To successfully pursue this kind of case, a patient must only prove that a health care provider either failed
to do something which a reasonably prudent health care provider would have done, or that he did
something that a reasonably prudent provider would not have done; and that failure or action caused
injury to the patient. (Garcia-Rueda v. Pascasio, G.R. No. 118141, September 5, 1997, 278 SCRA 769).
Simply put, the elements are duty, breach, injury and proximate causation. Dr. Ampil, as the lead
surgeon, had the duty to remove all foreign objects, such as gauzes, from Natividads body before closure
of the incision. When he failed to do so, it was his duty to inform Natividad about it. Dr. Ampil breached
both duties. Such breach caused injury to Natividad, necessitating her further examination by American
doctors and another surgery. That Dr. Ampils negligence is the proximate cause of Natividads injury
could be traced from his act of closing the incision despite the information given by the attending nurses
that two pieces of gauze were still missing. That they were later on extracted from Natividads vagina
established the causal link between Dr. Ampils negligence and the injury. And what further aggravated
such injury was his deliberate concealment of the missing gauzes from the knowledge of Natividad and
her family.

(2) Whether the Court of Appeals erred in absolving Dr. Fuentes of any liability.

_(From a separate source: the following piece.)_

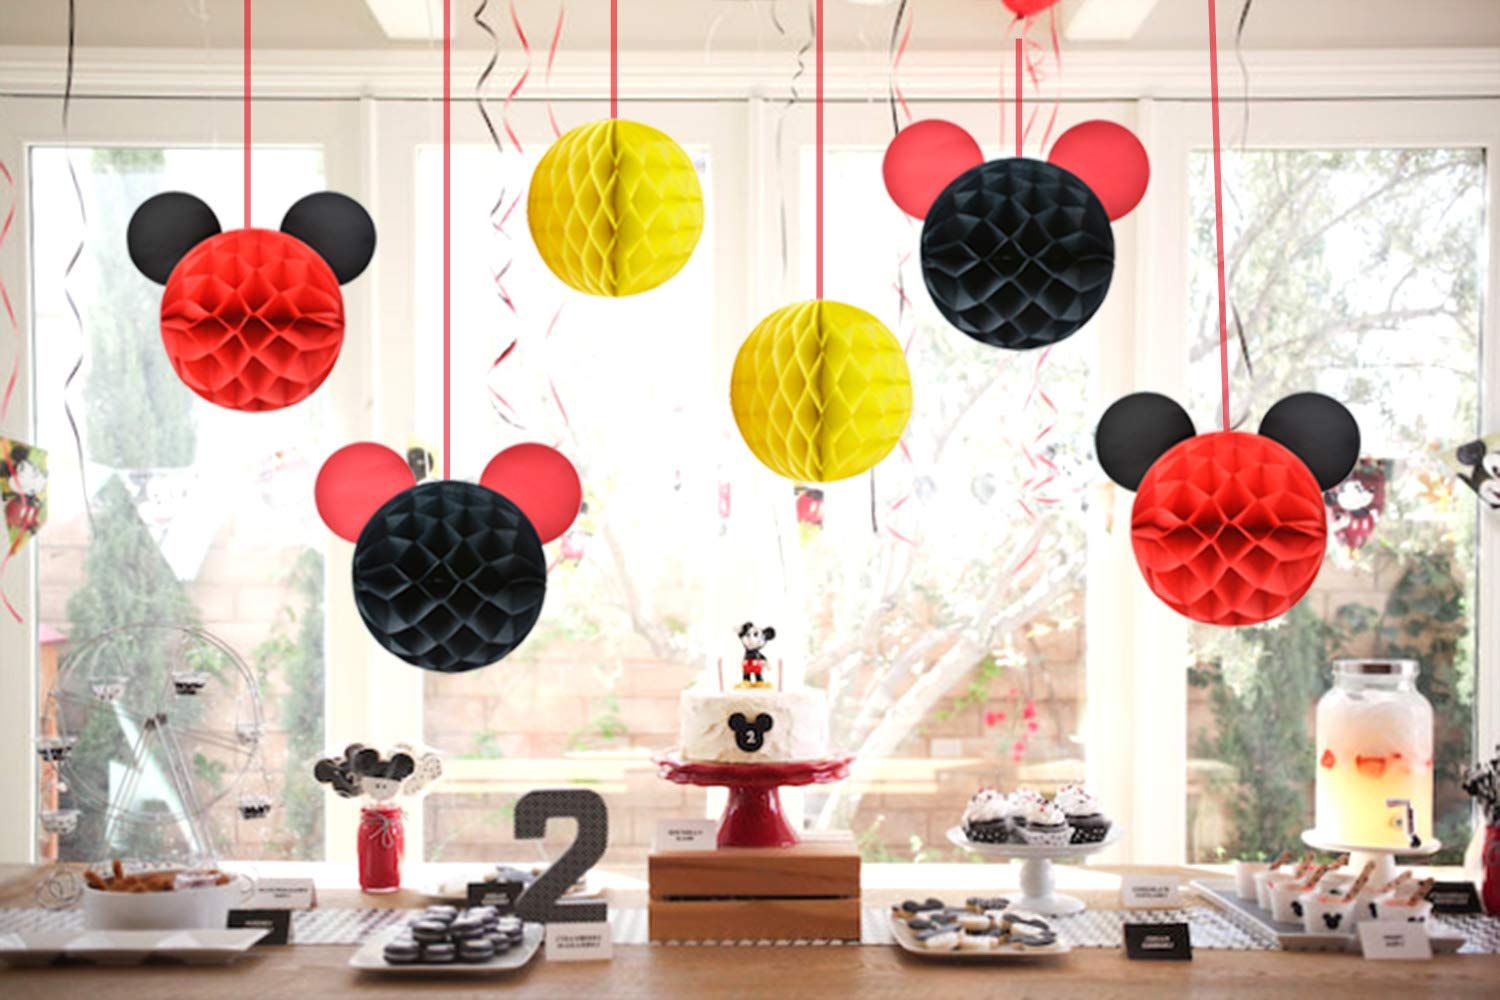 Mickey Mouse Party Ideas - Two Sisters

The Aganas assailed the dismissal by the trial court of the case against Dr. Fuentes on the ground that it
is contrary to the doctrine of res ipsa loquitur. According to them, the fact that the two pieces of gauze
were left inside Natividads body is a prima facie evidence of Dr. Fuentes negligence.
Held: The SC ruled otherwise.
Literally, res ipsa loquitur means the thing speaks for itself. It is the rule that the fact of the occurrence of
an injury, taken with the surrounding circumstances, may permit an inference or raise a presumption of
negligence, or make out a plaintiffs prima facie case, and present a question of fact for defendant to meet
with an explanation. (Ramos v. CA, G.R. No. 124354, December 29, 1999, 321 SCRA 584). Stated
differently, where the thing which caused the injury, without the fault of the injured, is under the exclusive
control of the defendant and the injury is such that it should not have occurred if he, having such control
used proper care, it affords reasonable evidence, in the absence of explanation that the injury arose from
the defendants want of care, and the burden of proof is shifted to him to establish that he has observed
due care and diligence. (Africa v. Caltex (Phils.) Inc., 123 Phil. 280).
From the foregoing statements of the rule, the requisites for the applicability of the doctrine of res ipsa
loquitur are: (1) the occurrence of an injury; (2) the thing which caused the injury was under the control
and management of the defendant; (3) the occurrence was such that in the ordinary course of things,
would not have happened if those who had control or management used proper care; and (4) the
absence of explanation by the defendant. Of the foregoing requisites, the most instrumental is the control
and management of the thing which cause the injury.
The element of control and management of the thing which caused the injury are wanting in the case.
Hence, the doctrine of res ipsa loquitur will not lie.